“We can no longer be last in everything: last in line for rights, last to be heard.” I said this with my heart in my hand a few days ago, at a regional meeting in Panama, celebrating a historic achievement: the declaration of the Inter-American Decade for the Rights of All Women, Adolescents, and Girls in Rural Settings (2024-2034). I said it out loud, but not just for those present. I said it for all my rural sisters who inhabit and care for the Andes, the pampas, the coffee plantations, the coasts, the valleys, and the seas of this continent.
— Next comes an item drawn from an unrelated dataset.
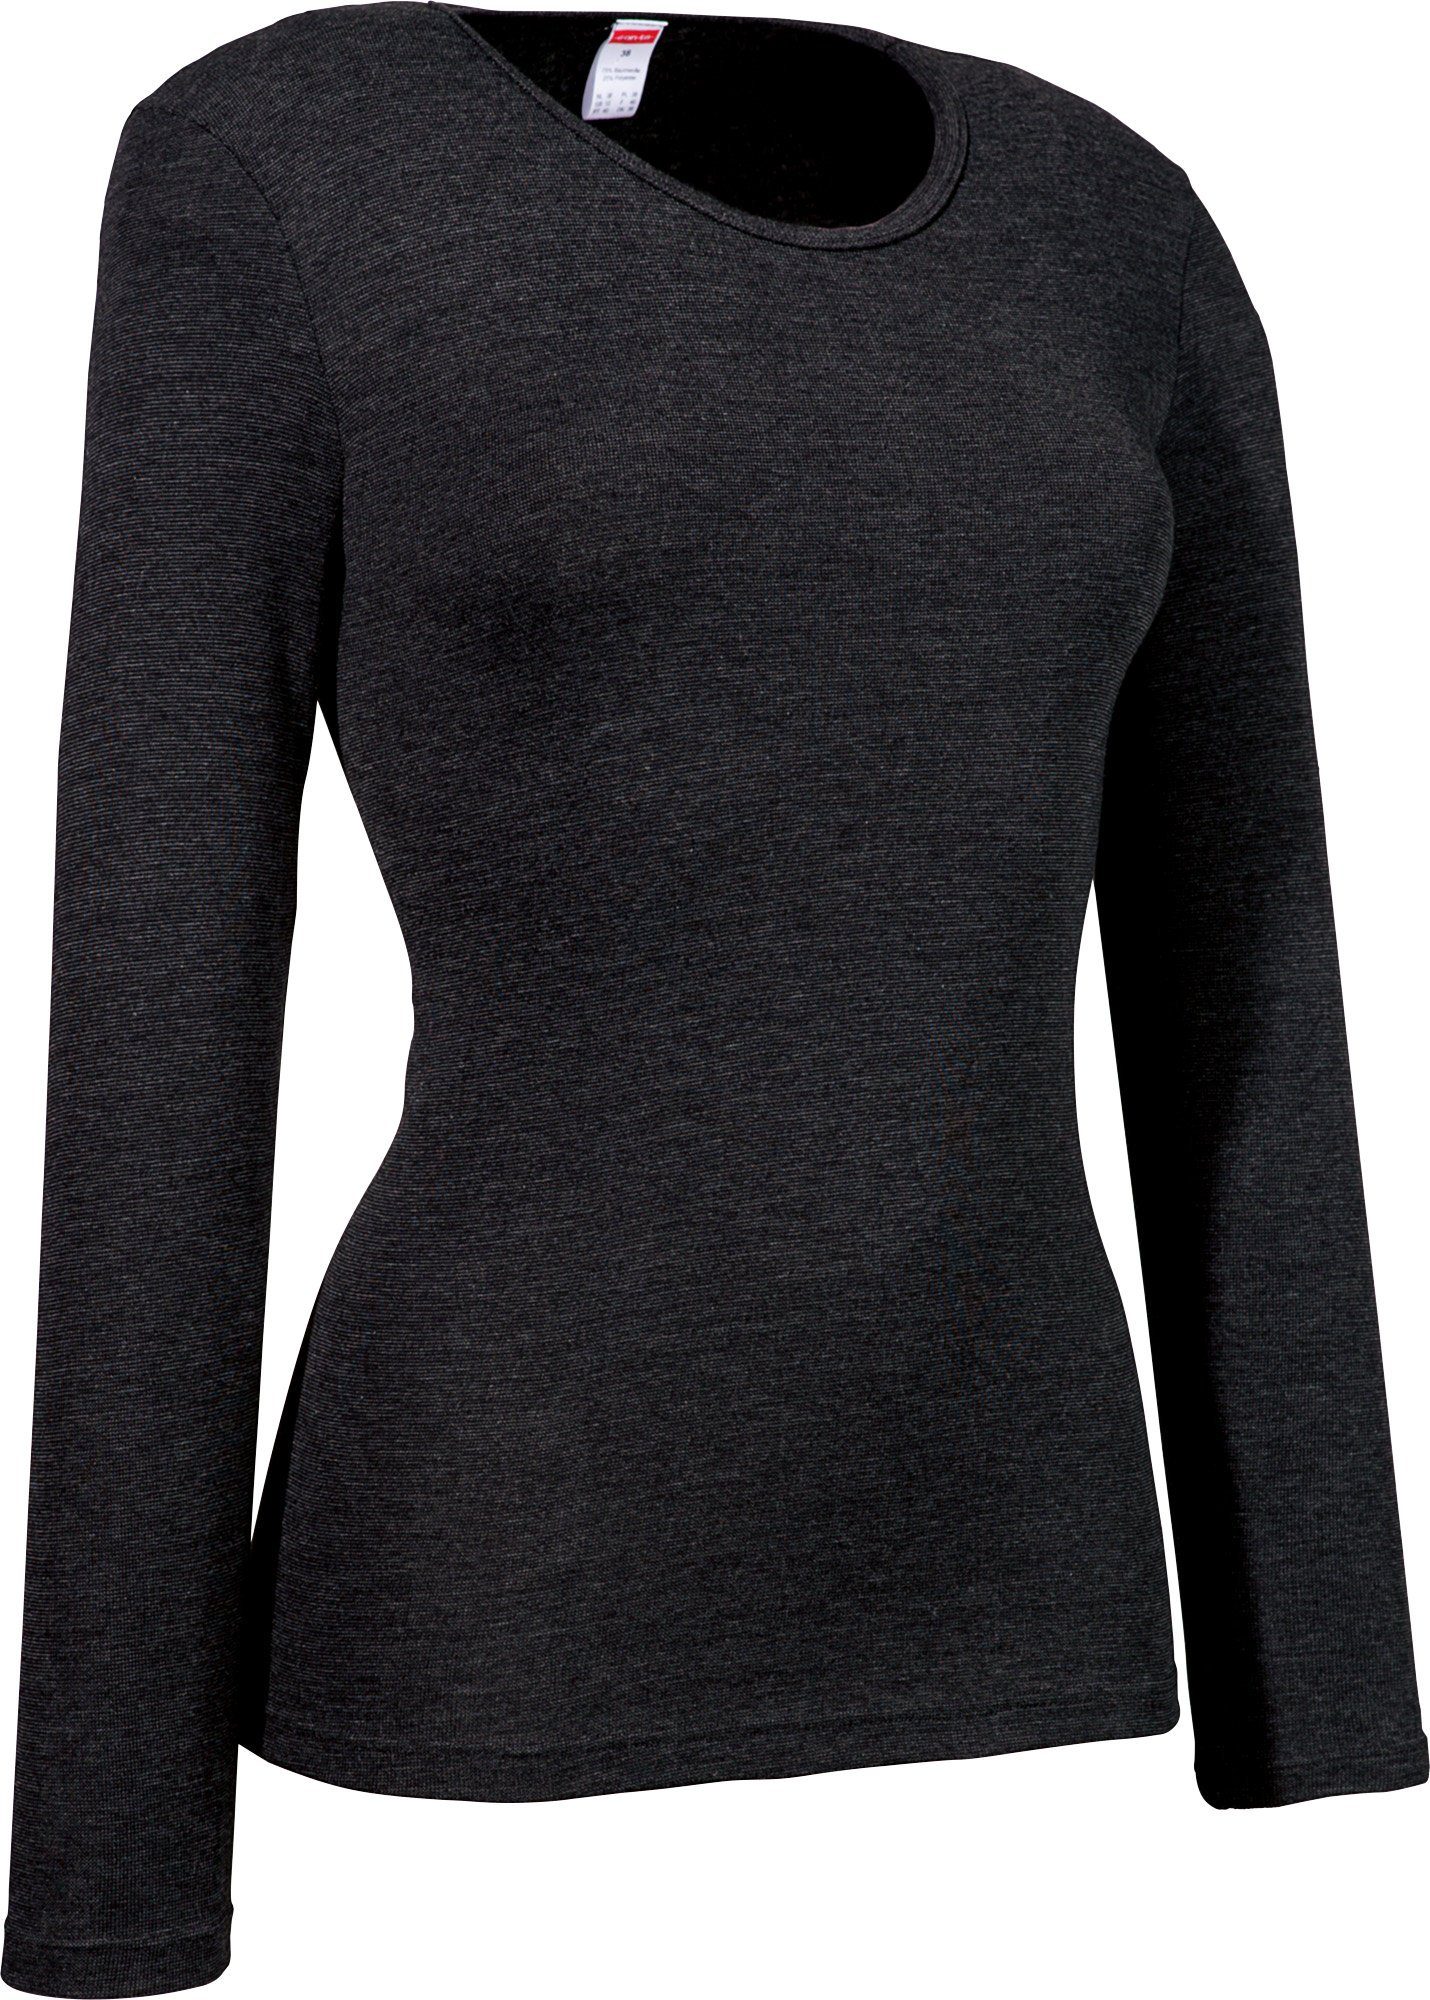 conta Unterhemd Damen-Thermo-Unterhemd, langarm Feinripp schwarz Streifen
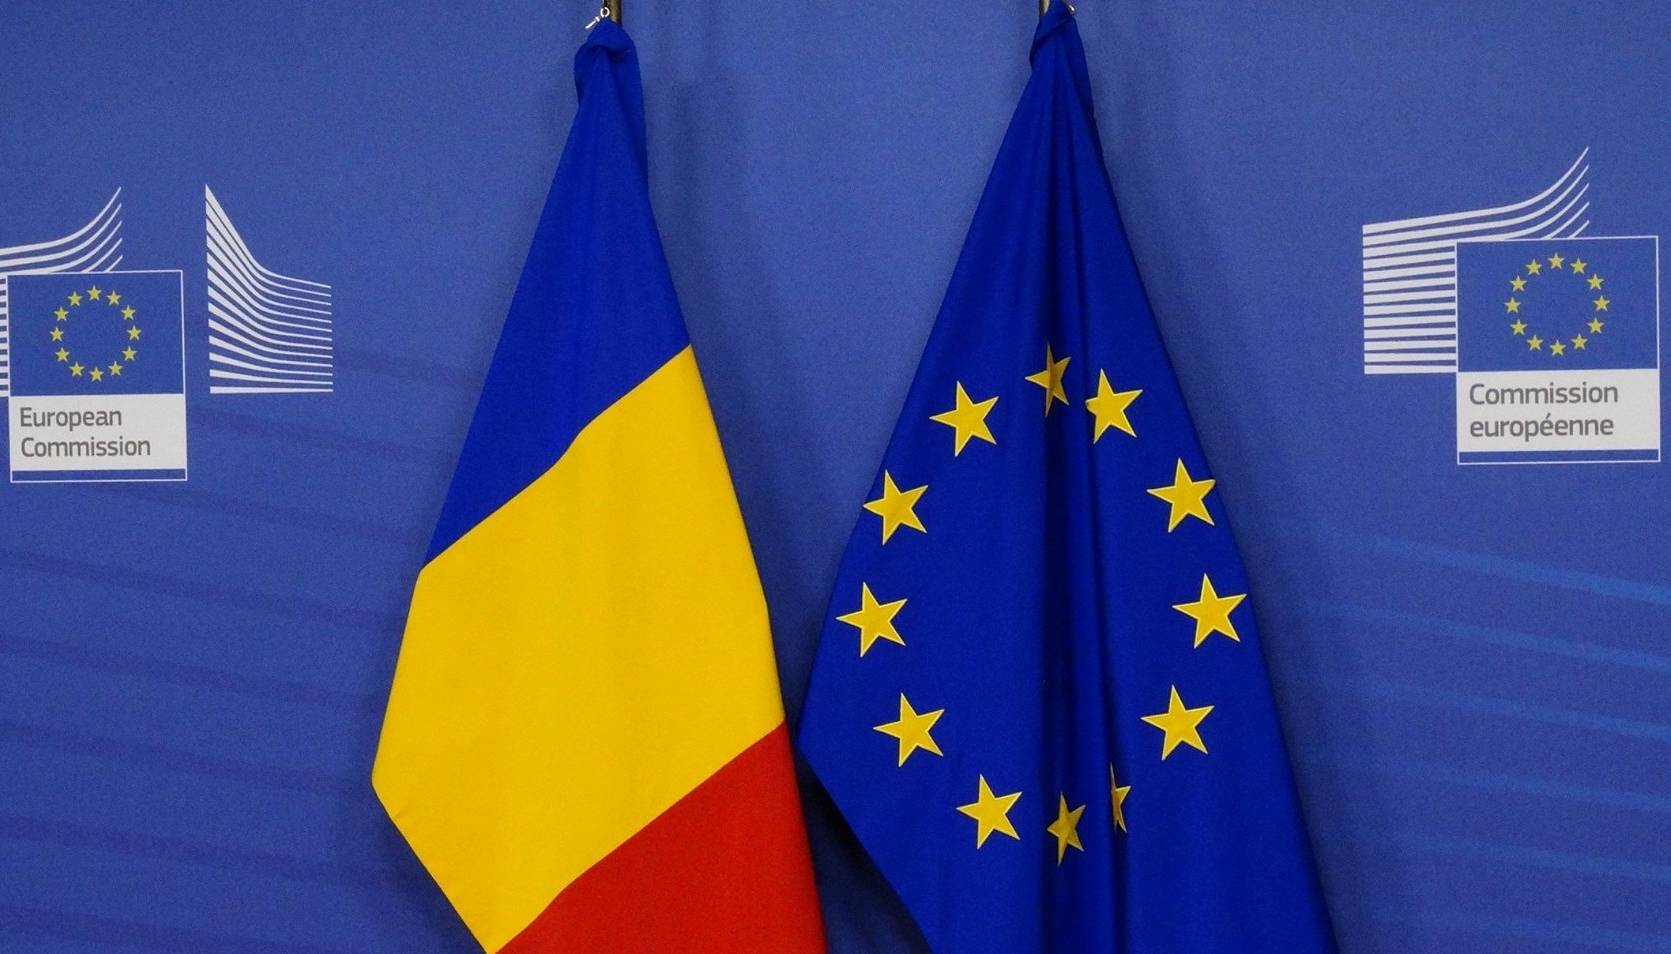 Comisia Europeana Finanta Reconstructia Ucrainei Razboi

This declaration, adopted by the OAS at its 53rd General Assembly, is not a simple document. It is the institutional response to a struggle sown from below, from the deep roots of the land we work, from the calloused hands of thousands of women who have sustained life and territories even in conditions of neglect and injustice. It is—as I also said—the seed of a long-delayed justice. Now it is up to us to make it germinate with public policies, concrete resources, and, above all, with the firm will of decision-makers at all levels.
This victory didn't come overnight. The idea for the Decade was born in 2012, when we gathered at the Third Latin American and Caribbean Meeting of Rural Women. We were 270 female leaders from 17 countries, and we presented a clear demand: that our historic contribution be recognized with actions, not empty rhetoric. We, who have sustained the countryside and life despite exclusion, deserved this act of justice. And we didn't stop walking, insisting, and uniting. That's how we made it flourish.
The Decade is not just for the Americas. It's a call to the world. Because there is no country on this planet where there aren't rural women farming and caring for their communities, often without pay or hours, ensuring food for their communities. Our fight is global. And this Decade must inspire real change for all rural women around the world.
Through the Network of Rural Women of Latin America and the Caribbean, we have woven a vibrant network of more than 250 organizations in 21 countries since 1990. Over these years, we have condemned the structural injustices that affect us: limited access to land, lack of credit, exclusion from markets, overburdened domestic work, violence, institutional sexism, and environmental degradation. We have raised our voices for water, forests, seeds, our bodies, our daughters, and our communities. Today, finally, that cry has been recognized.
Another important step has been the declaration of April 17 as the Inter-American Day of All Rural Women and Girls. It will not be just another symbolic date.
It will be, as I warned, a day of accountability. To measure whether we are moving toward a more just America, with us as protagonists of development.
From this fertile ground that is our struggle, we make a clear and urgent call to the States and all levels of government: it is not enough to recognize us. It is time to act.
We need fair laws, allocated budgets, access to services, respect for our knowledge, protection of our territories, and, above all, full participation in decision-making spaces.
Because in our fields we don't just plant food. We plant life, dignity, and a future. And the cry of rural women is not an echo of the past: it is the heart that beats for a more equitable, more humane, and more ours Latin America.
Firm in our knowledge, persistent in our rights.